Divisibility by 7: Doubling the last digit (3 × 2 = 6) and subtracting from the rest (90 - 6 = 84) shows 84 is divisible by 7. Therefore, 903 is divisible by 7. 

Divisibility by 11: The alternating sum of the digits (9 - 0 + 3 = 12) is not divisible by 11, so 903 is not divisible by 11.

Since 903 is divisible by multiple numbers besides 1 and itself, it is a composite number.

The prime number chart, created by the “Sieve of Eratosthenes” method, helps identify prime numbers.

Step 1: Write numbers from 1 to 1000.

Step 2: Leave 1 unmarked, as it is neither prime nor composite.

Step 3: Mark 2 and cross out all multiples of 2.

Step 4: Mark 3 and cross out all multiples of 3.

Step 5: Continue this process until all numbers are marked or crossed.
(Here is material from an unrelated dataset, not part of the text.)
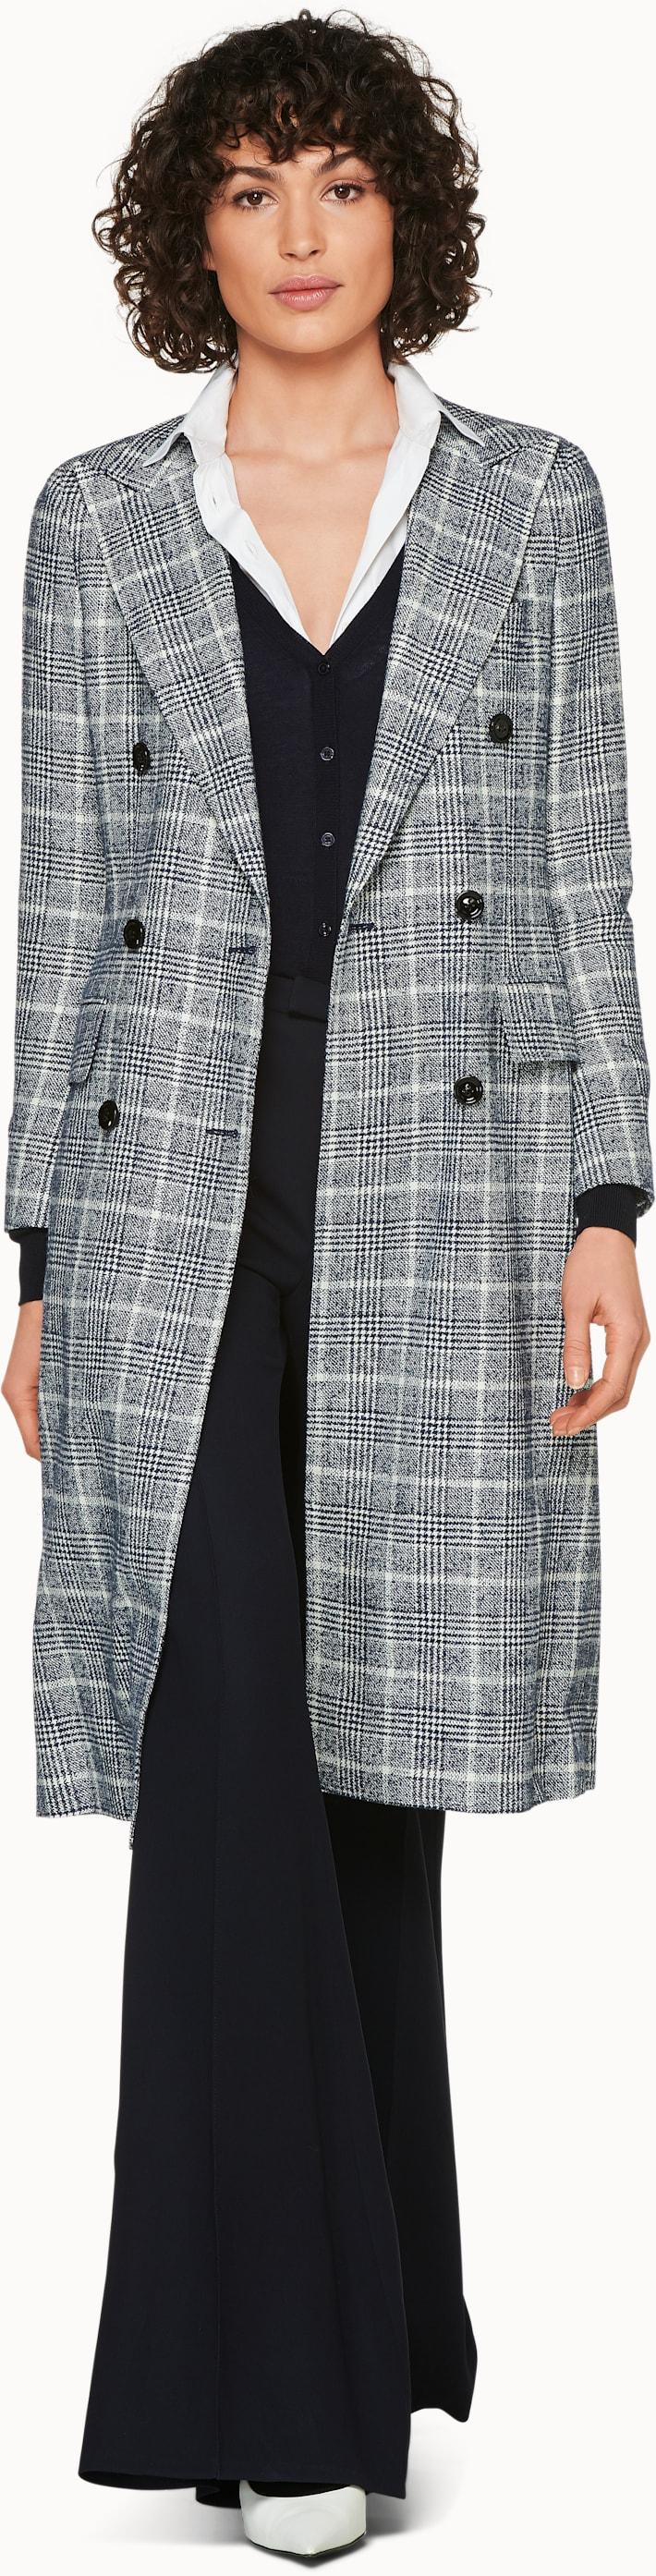 Brian Blue Checked Coat

Using this process, we identify prime numbers up to 1000.

Since 903 is not marked as prime, it is a composite number.

Prime factorization involves breaking down a number into its prime factors and multiplying them to reconstruct the original number.

Step 1: We can write 903 as 3 × 301.

Step 2: In 3 × 301, 301 is a composite number. Further, break 301 into 7 × 43.

Step 3: Now we have a product consisting only of prime numbers.

Hence, the prime factorization of 903 is 3 × 7 × 43.

• Composite numbers: Numbers greater than 1 that are divisible by more than two numbers. For example, 12 is a composite number as it is divisible by 1, 2, 3, 4, 6, and 12.

• Prime numbers: Numbers greater than 1 that have only two divisors, 1 and themselves. For example, 5 is a prime number.

• Factors: Numbers that divide another number without leaving a remainder. For example, factors of 4 are 1, 2, and 4.

• Divisibility rules: Guidelines to determine if a number can be divided completely by another number without a remainder.

• Prime factorization: Breaking down a number into its prime factors. For instance, the prime factorization of 18 is 2 × 3 × 3.